This is an implementation of Russian Word Sense induction system designed for the RUSSE'18 shared task. This system ranked 2nd among 19 participants for the wiki-wiki task. The paper describing it is accepted to the 24rd International Conference on Computational Linguistics and Intellectual Technologies (Dialogue’2018).
The approach is based on clustering averaged word vectors ("semantic fingerprints") of contexts for ambiguous words. Word vectors can be extracted from any word embedding model.
Input data must correspond to the RUSSE'18 data format, as exemplified by the files in the RUSSE_data
subdirectory in this repository.
Note that the words in the word
and context
columns of the input dataset should match entries in your word embedding model:
for example, regarding lemmatization and PoS-tags.
We provide each RUSSE'18 dataset in 3 versions: raw text, lemmas, lemmas + PoS tags.
Word embedding models for Russian can be downloaded, for example, from RusVectōrēs web service.
python3 wsi.py [-h] --input INPUT --model MODEL [--weights] [--2stage] [--test]
-h, --help show this help message and exit
--input INPUT Path to input file with contexts
--model MODEL Path to word2vec model
--weights Use word weights?
--2stage 2-stage clustering?
--test Make predictions for test file with no gold labels?
For example,
python3 wsi.py --input RUSSE_data/wiki-wiki/train_tagged.csv --model ruscorpora_upos_skipgram_300_5_2018.vec.gz
will use the word embedding model ruscorpora_upos_skipgram_300_5_2018.vec.gz
to induce senses for all ambiguous words from train_tagged.csv
, cluster the contexts according to these senses, and evaluate the resulting clustering against gold labels in the dataset.
The new dataset containing cluster assignments will be saved to train_tagged_predictions.csv
.
The --test
argument is used when gold labels are not available (like in test_tagged.csv
files).
In this case, the script will make predictions, but not evaluation. Off by default.
The --weights
argument will additionally weight words by their frequencies when creating semantic fingerprints of context utterances.

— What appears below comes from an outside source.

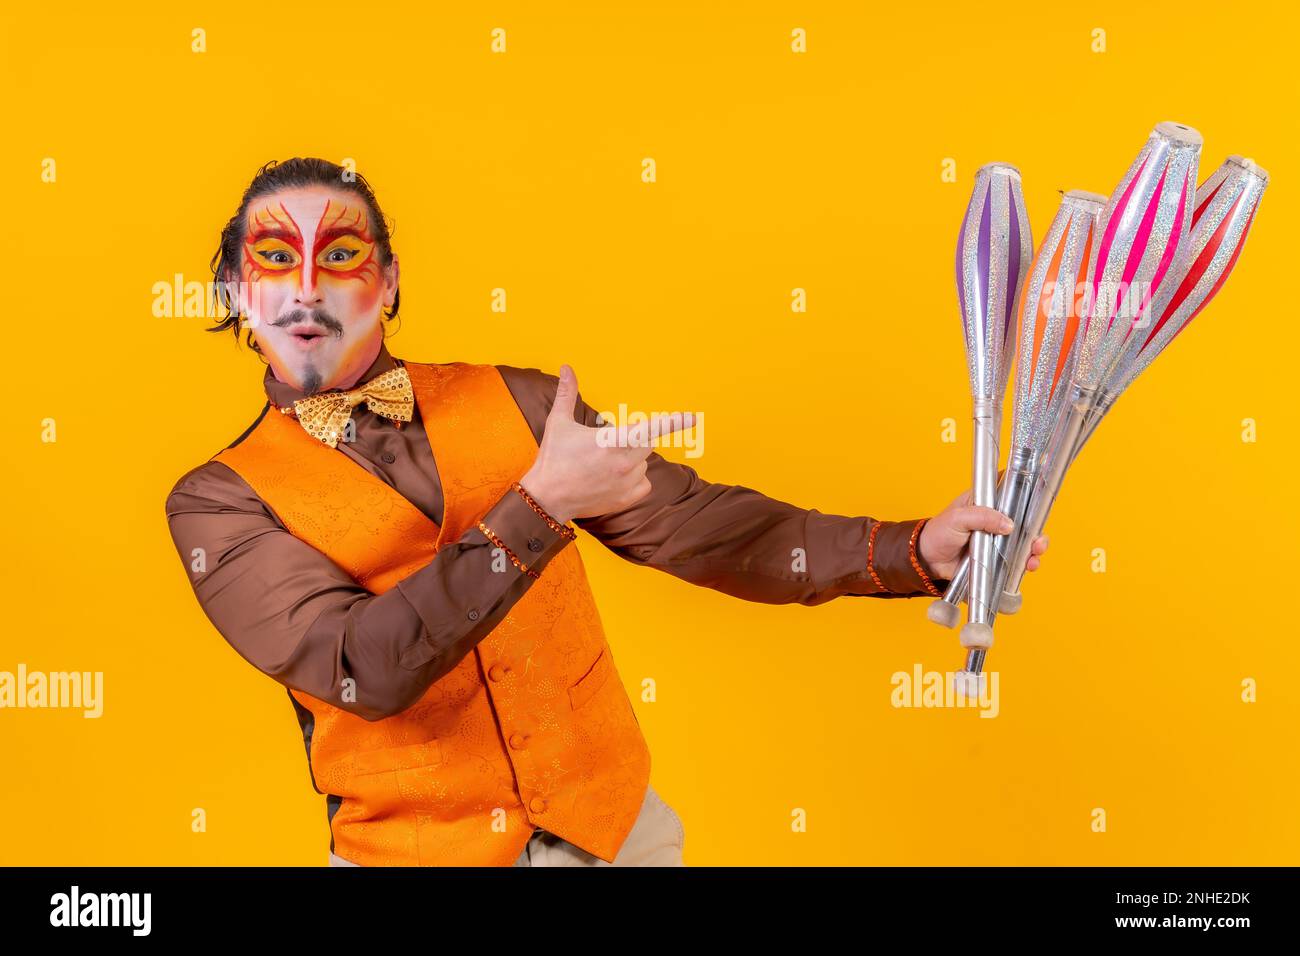 Porträt eines glücklichen Jongleurs in Make-up-Weste, der mit Maces auf gelbem Hintergrund jongliert Stockfoto

We highly recommend this setting, as it greatly improves the performance. However, for this to work, you need a word embedding model saved in native Gensim format (to store word frequencies in the original training corpus). That's why it is off by default.
The --2stage
argument tells the script to perform clustering in 2 stages: first, induce the number of clusters using Affinity Propagation and then do actual clustering with the induced number using Spectral Clustering.
This increased performance for some datasets, but not all, therefore it is off by default.